- Location of the township region in Mangshi
- Xishan Township Location in Yunnan
- Coordinates: 24°18′13″N 98°12′49″E﻿ / ﻿24.303631°N 98.213579°E
- Country: People's Republic of China
- Province: Yunnan
- Prefecture-level city: Dehong Dai and Jingpo Autonomous Prefecture
- County-level city: Mangshi

Area
- • Total: 249 km^{2} (96 sq mi)
- Elevation: 800 m (2,600 ft)

Population (2014)
- • Total: 12,131
- • Density: 49/km^{2} (130/sq mi)
- Time zone: UTC+08:00 (China Standard)
- Postal code: 678400
- Area code: 0692

= Xishan Township, Mangshi =

Xishan Township (西山乡 (西山鄉, Xīshaān Xiāng)) is a township in Mangshi, Yunnan, China.
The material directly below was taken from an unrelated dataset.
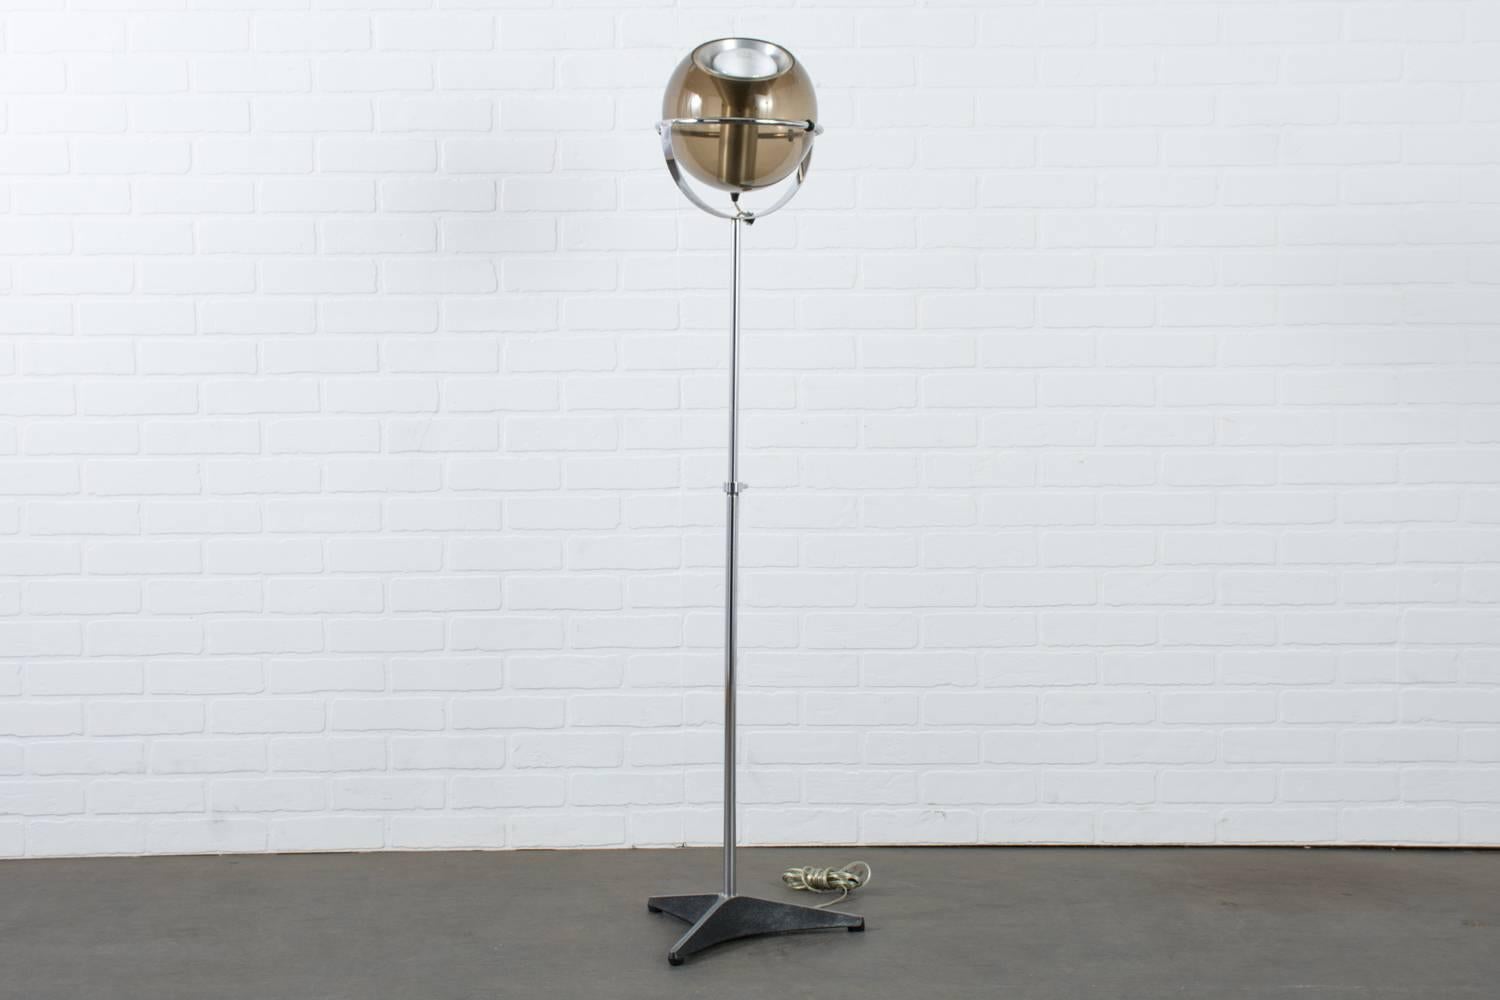 The 'Globe 2000' floor lamp was designed by Frank Ligtelijn for RAAK, Amsterdam in 1961 and has become one of RAAK's most celebrated designs and an icon in Dutch lighting design. It features an adjustable metal Stand with a chrome finish that holds
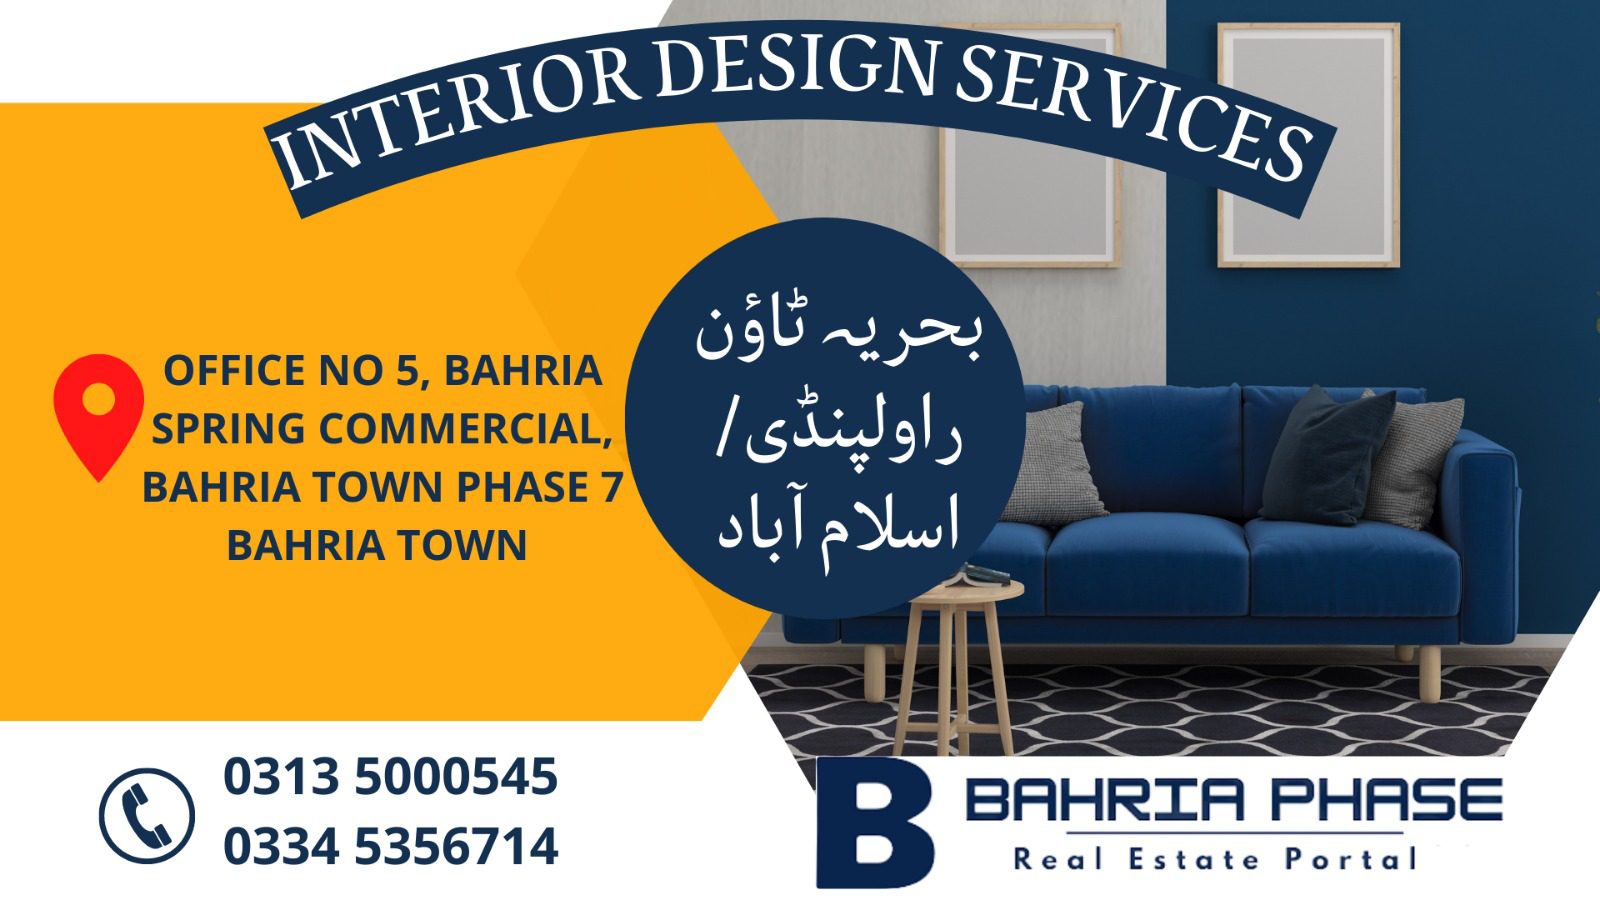 Interior Design Services in Bahria Town Rawalpindi, Office No 5, Bahria Spring Commercial, Bahria Town,Punjab,Pakistan

As of the 2014 census it had a population of 12,131 and an area of 249 km2. It is surrounded by Wuchalu Township on the north, Mengyue Township and Wangzishu Township on the west, and Zhefang Town on the east and south. Ninety percent of the local population is Jingpo people.

==Administrative divisions==
As of December 2015, the township is divided into 6 villages:
- Nongbing (弄丙村)
- Bangjiao (邦角村)
- Mangdong (芒东村)
- Maojiang (毛讲村)
- Benqiang (崩强村)
- Yingpan (营盘村)

==History==
In 1958, Xishan Commune (西山公社) was set up.

It was renamed "Xiangyang Commune" (向阳公社) in 1969 and two years later it reverted to its former name of "Xishan Commune".

In 1984 its name was changed to "Xishan District".

It was upgraded to a township in 1988.

==Geography==
The highest elevation is 1750 meters and the lowest is 780 meters.

The Longchuan River (龙川江) flows through the township.

==Education==
- Xishan Middle School

==Economy==
The local economy is primarily based upon agriculture. Cash crops are mainly rice, wheat, sugarcane and tea.

==Transport==
The National Highway G56 passes across the township.

The Provincial Highway S320 runs north to south through the township.